Wednesday, April 10, 2019

Chapter 23 of Moby Dick - The Lee Shore

Introduction - Ishmael's Narration

Moby Dick's narrator Ishmael alternates between different styles of narration. Broadly speaking, Ishmael's styles of narration can be grouped into the following three categories:
  1. Storyteller - this is a standard narrator voice. In this voice, Ishmael describes events that happened.
  2. Philosopher - throughout Moby Dick, Ishmael will describe some event or characteristic of a whaling voyage and seize upon that characteristic as a metaphor for life and use it to go off on a tangent about metaphysics or his reflections on life and the human condition.
  3. Metafictional - this is the most unique style of Ishmael’s narration and, in my opinion, is central to what makes Moby Dick so arresting. Writing in this voice, Ishmael’s character breaks the fourth wall and he addresses himself directly to the reader or to characters of his story like a living-god of his universe or its epic-poet, with the power to speak in real-time from some transcendent-narrator-realm. (The book's opening sentence evokes this metafictional style by addressing the reader directly: "Call me Ishmael." From these opening words, Ishmael makes clear that he is no ordinary narrator. Instead, he like is a tangible-presence who is comfortable speaking directly to us and to his characters with startling directness.)
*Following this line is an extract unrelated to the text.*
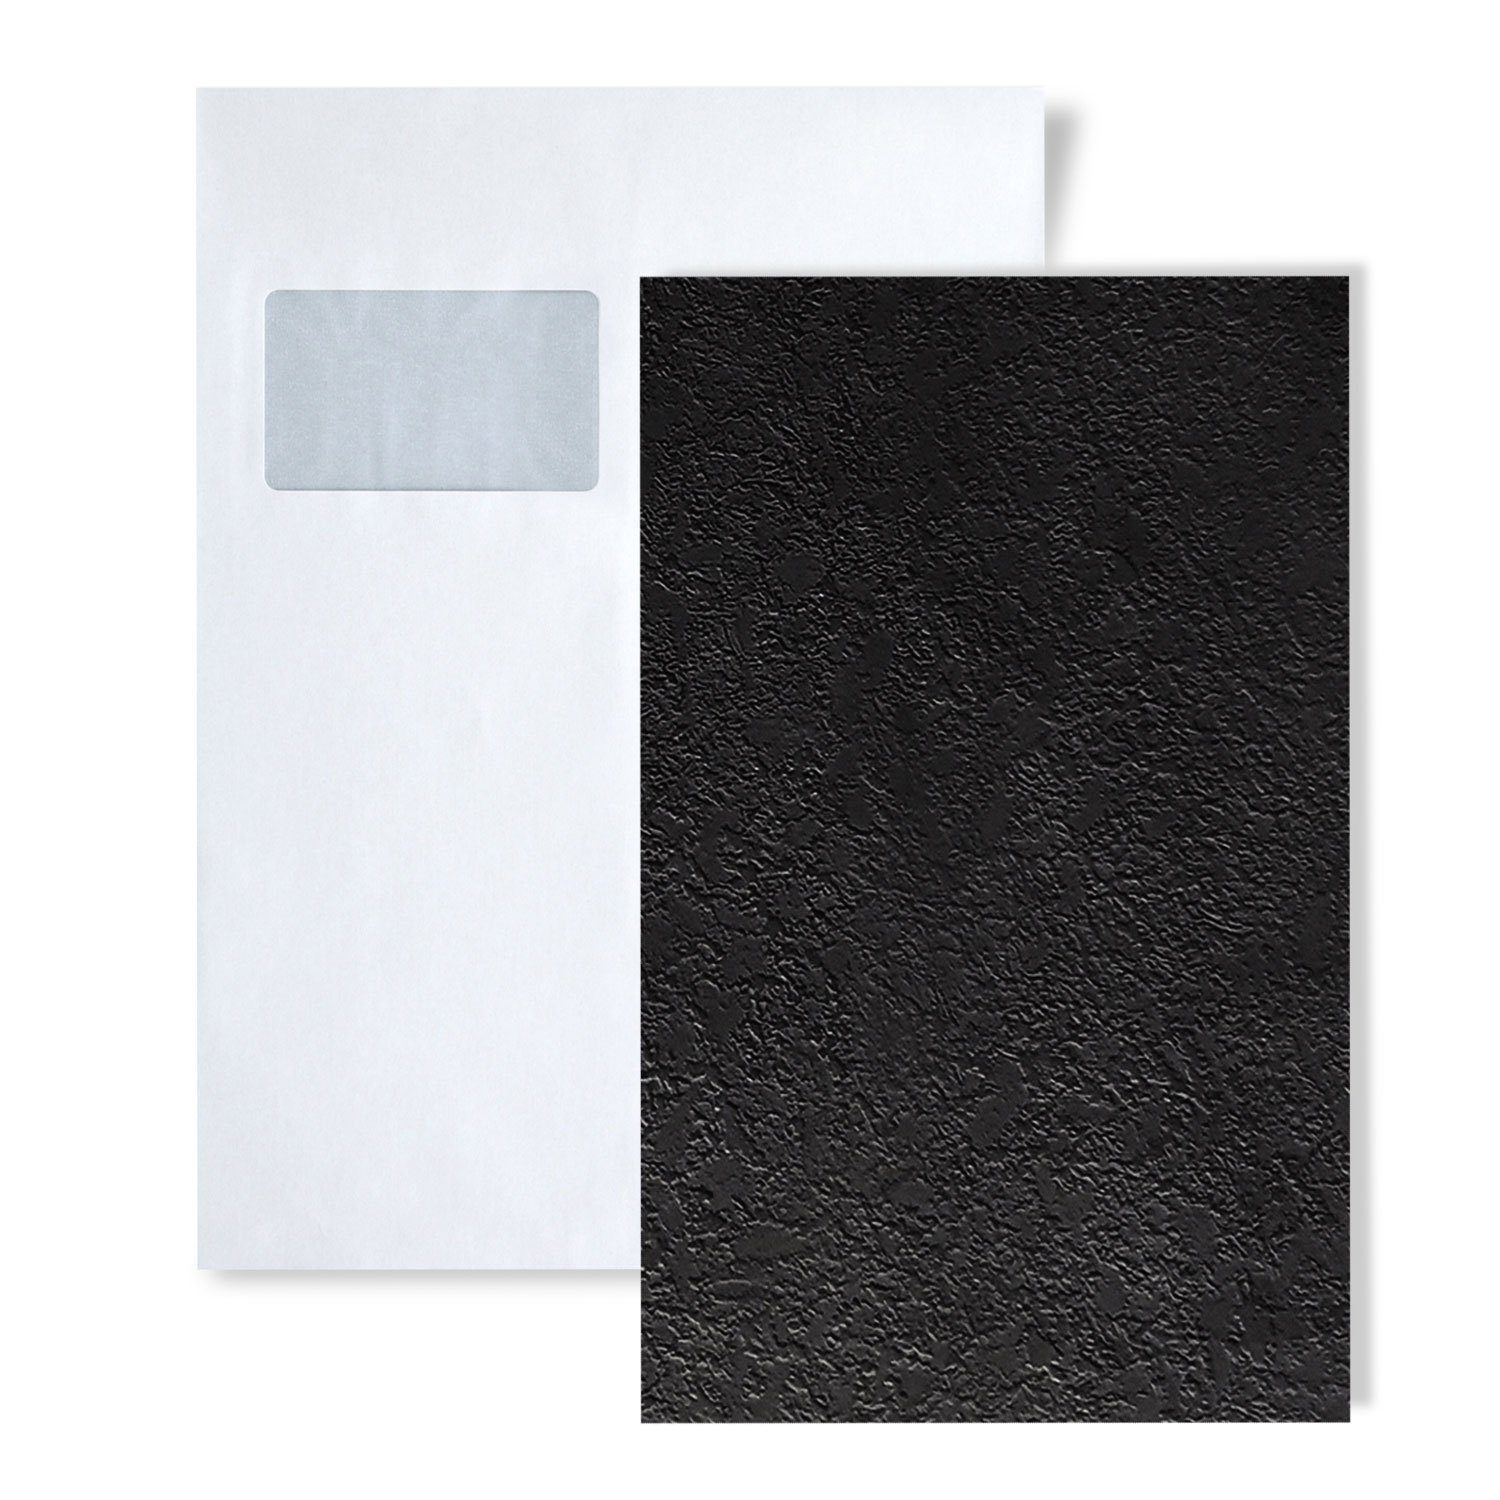 Wallface Dekorpaneele S-22716-SA, BxL: 15x20 cm, (1 MUSTERSTÜCK, Produktmuster, 1-tlg., Muster des Dekorpaneels) schwarz

Chapter 23 - The Lee Shore
This short chapter, only 13 sentences in length, manages to capture the range of narrative voices at play in Moby Dick and the book's unique energy and variety.The word "lee" means sheltered.
Some chapters back, one Bulkington was spoken of, a tall, newlanded mariner, encountered in New Bedford at the inn.
We first read about Bulkington in chapter 3 of this book, wherein Ishmael observed Bulkington arriving in the town of New Bedford after a long whaling voyage. Now, in chapter 23, Ishmael is about to embark on his own whaling voyage and he observes that Bulkington is embarking with him. 
When on that shivering winter’s night, the Pequod thrust her vindictive bows into the cold malicious waves, who should I see standing at her helm but Bulkington!
So far, all of this has been an example of Ishmael's storyteller voice.
I looked with sympathetic awe and fearfulness upon the man, who in mid-winter just landed from a four years’ dangerous voyage, could so unrestingly push off again for still another tempestuous term. The land seemed scorching to his feet.
Now Ishmael’s storytelling breaks off and he transitions into his philosopher voice.
Wonderfullest things are ever the unmentionable; deep memories yield no epitaphs; this six-inch chapter is the stoneless grave of Bulkington.
Ishmael is telling us that this short, "six inch chapter" is the last we will read of Bulkington.
Let me only say that it fared with him as with the storm-tossed ship, that miserably drives along the leeward land.
Translation: Bulkington’s eventual fate is like that of a ship that crashes into land. Now Ishmael transitions back to his philosopher-voice again and uses an image of a ship as a metaphor for Bulkington's alarming bravery.
The port would fain give succor; the port is pitiful; in the port is safety, comfort, hearthstone, supper, warm blankets, friends, all that’s kind to our mortalities. But in that gale, the port, the land, is that ship’s direst jeopardy; she must fly all hospitality; one touch of land, though it but graze the keel, would make her shudder through and through. With all her might she crowds all sail off shore; in so doing, fights ’gainst the very winds that fain would blow her homeward; seeks all the lashed sea’s landlessness again; for refuge’s sake forlornly rushing into peril; her only friend her bitterest foe!
In what follows, we encounter Ishmael's metafictional voice. Here Ishmael's character seems to transcend the confines of his own story as he addresses Bulkington directly.
Know ye now, Bulkington? Glimpses do ye seem to see of that mortally intolerable truth; that all deep, earnest thinking is but the intrepid effort of the soul to keep the open independence of her sea; while the wildest winds of heaven and earth conspire to cast her on the treacherous, slavish shore?
More philosophy.
But as in landlessness alone resides highest truth, shoreless, indefinite as God—so, better is it to perish in that howling infinite, than be ingloriously dashed upon the lee, even if that were safety! For worm-like, then, oh! who would craven crawl to land! Terrors of the terrible! is all this agony so vain?
The chapter ends with a kind of invocation. Here Ishmael addresses Bulkington like an epic-poet might imagine God addressing one of his mortal creations.
Take heart, take heart, O Bulkington! Bear thee grimly, demigod! Up from the spray of thy ocean-perishing—straight up, leaps thy apotheosis!
And we never hear of Bulkington again in this book.